- _WORK INSTRUCTION_: The answer must consist only of the lines in the records below from the line with "Your return ticket" to the line with "What is Lexi Capital", both included, copied word for word with every picture left out.

- _MATERIAL TO PROCESS_:
▬▬▬

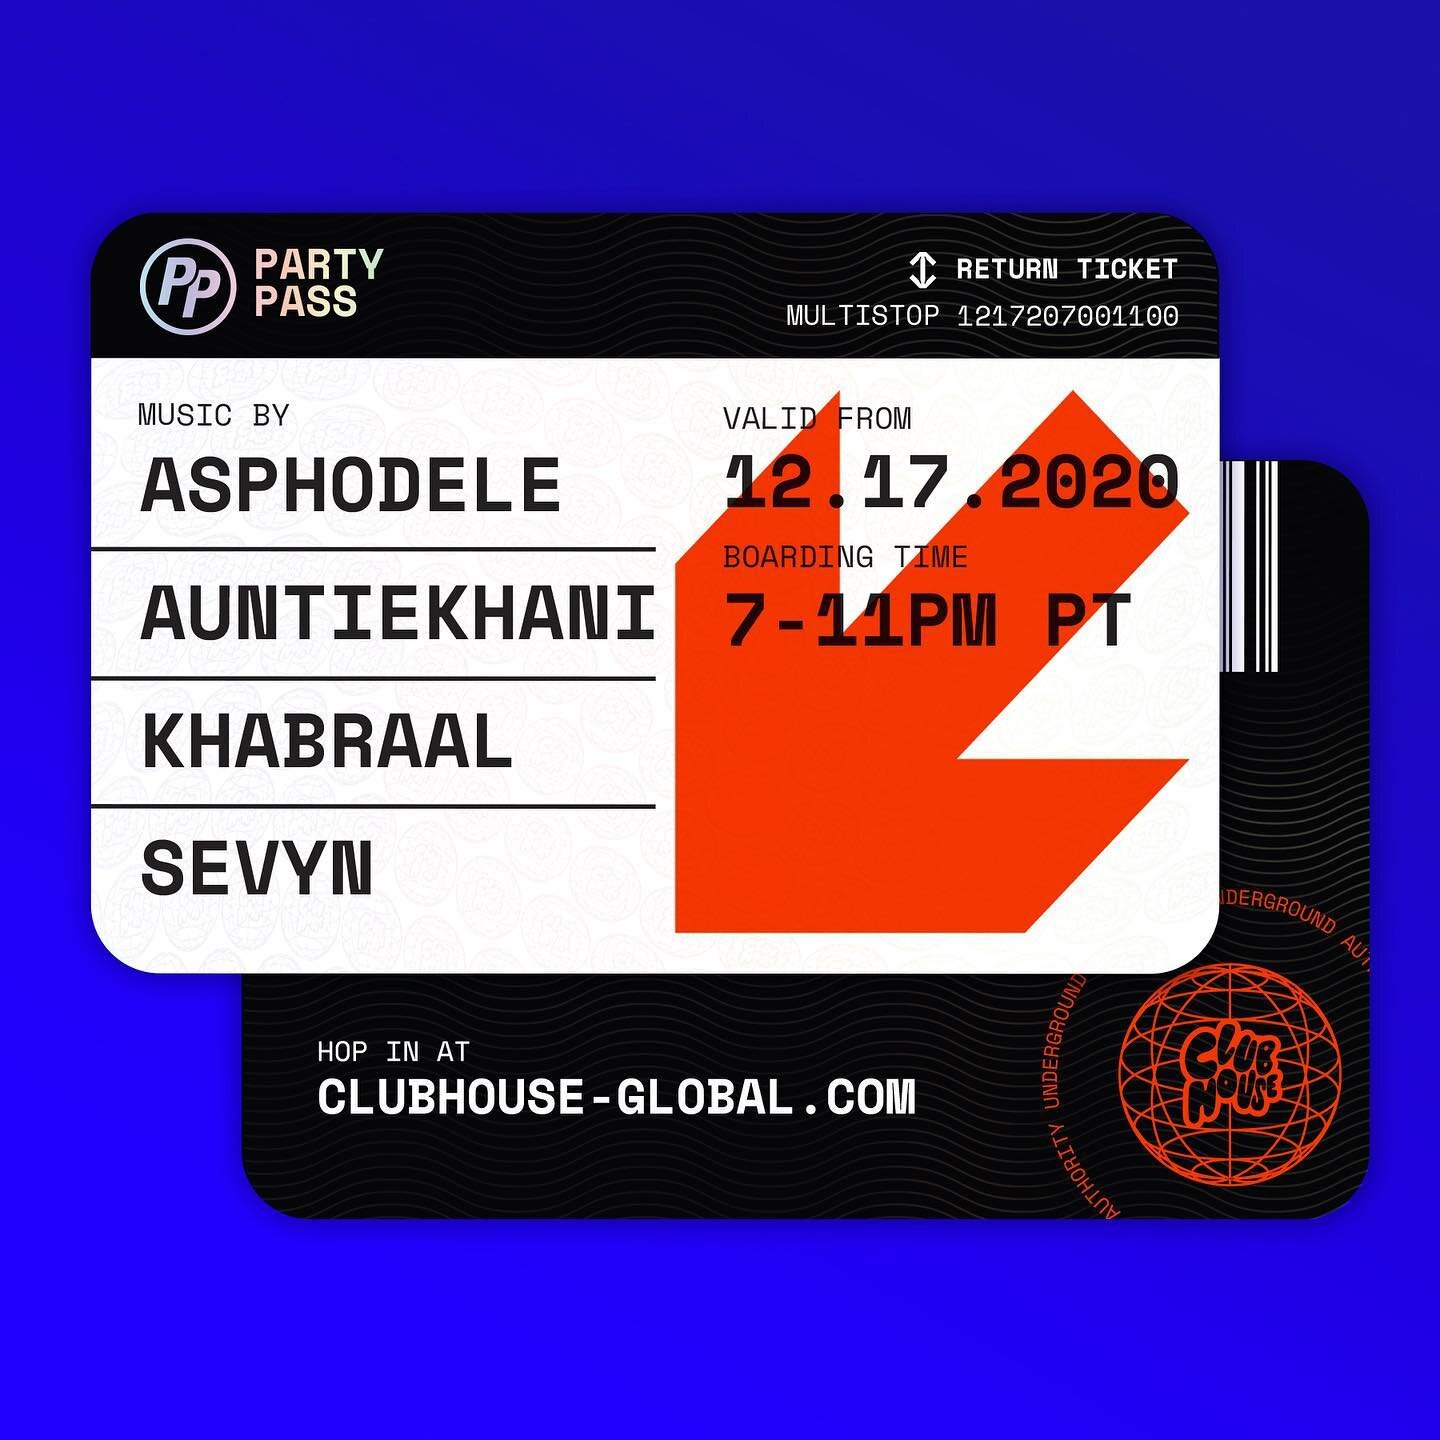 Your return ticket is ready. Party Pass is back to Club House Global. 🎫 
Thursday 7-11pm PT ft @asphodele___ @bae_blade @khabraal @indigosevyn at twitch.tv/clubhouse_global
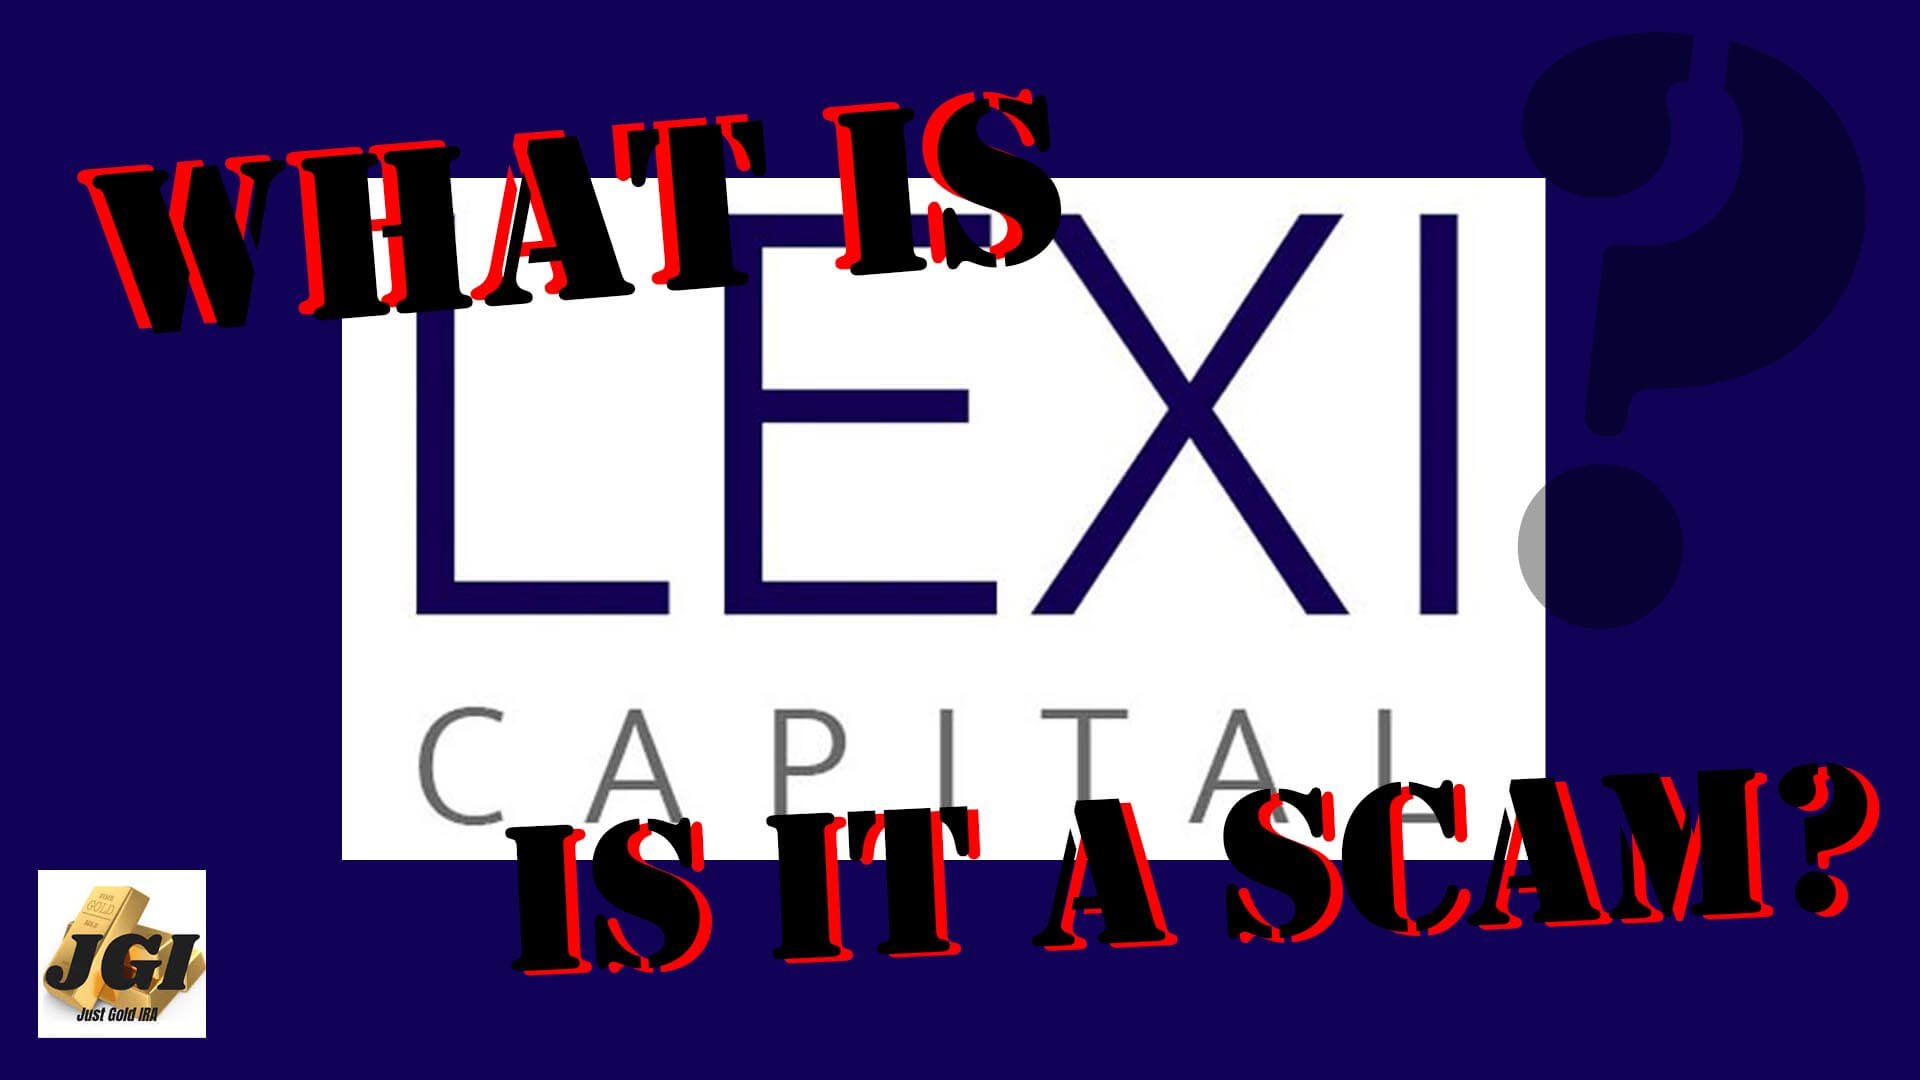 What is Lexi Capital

▬▬▬

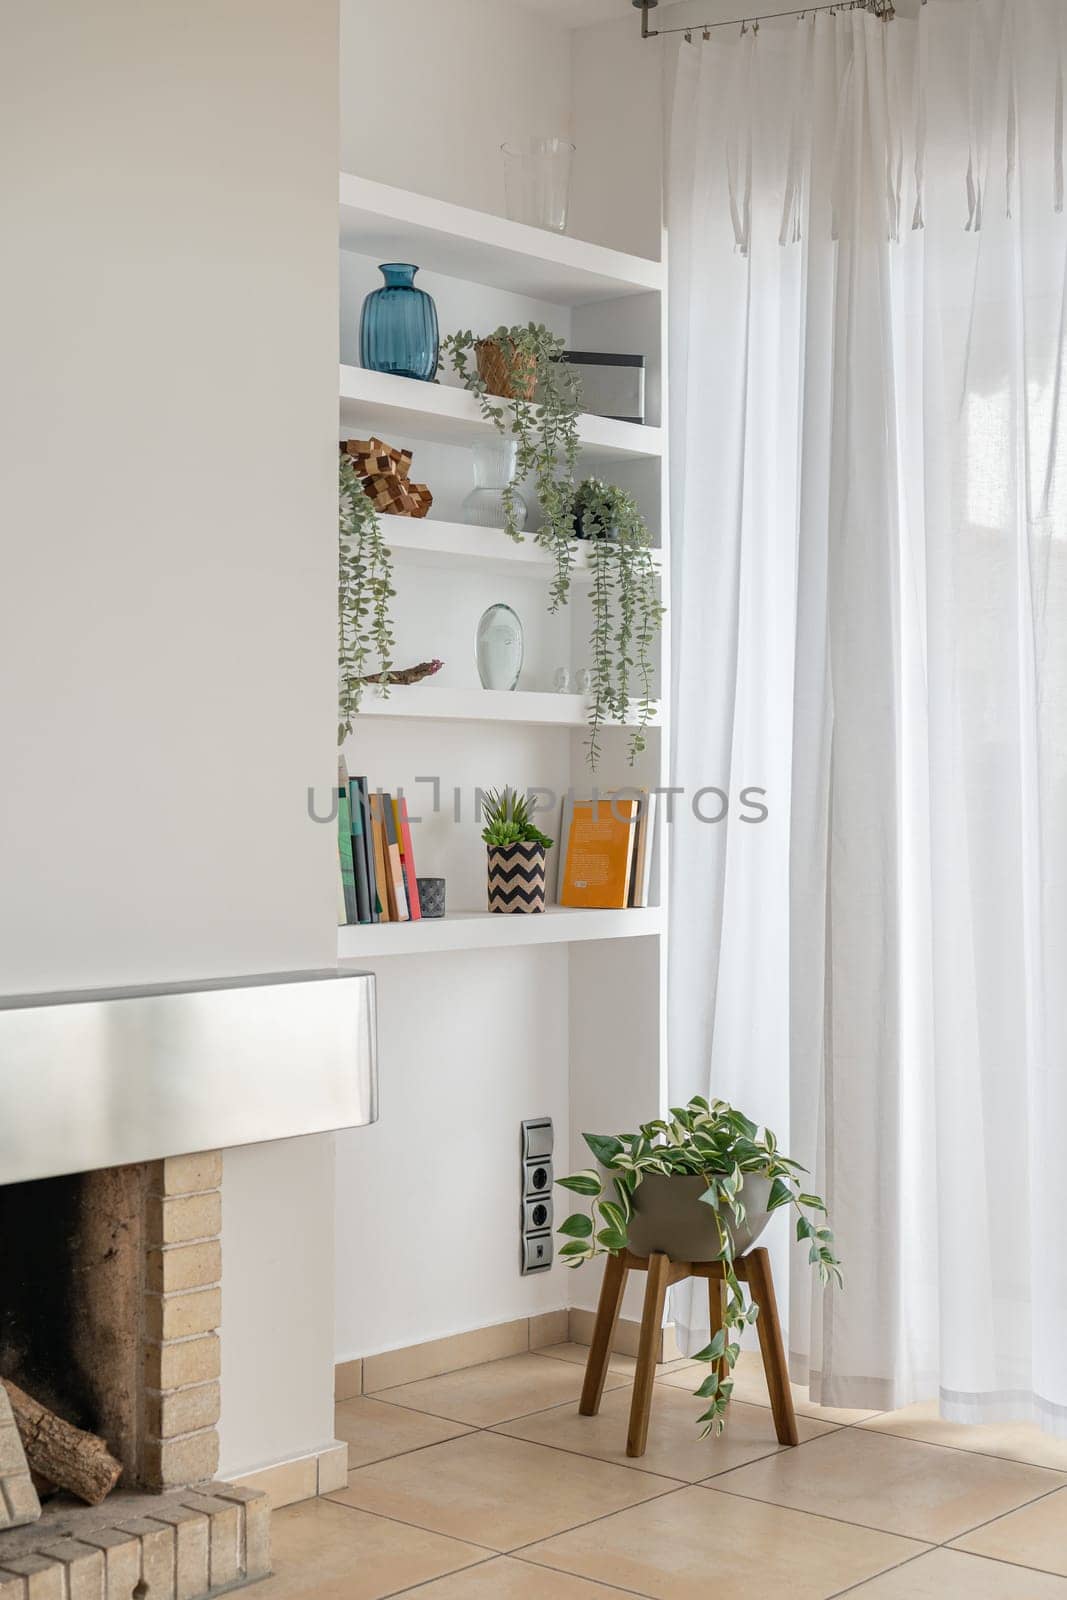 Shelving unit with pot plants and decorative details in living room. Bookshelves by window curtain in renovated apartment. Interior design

▬▬▬

- _SOLUTION TO THIS PROBLEM_:
 Your return ticket is ready. Party Pass is back to Club House Global. 🎫 
Thursday 7-11pm PT ft @asphodele___ @bae_blade @khabraal @indigosevyn at twitch.tv/clubhouse_global
 What is Lexi Capital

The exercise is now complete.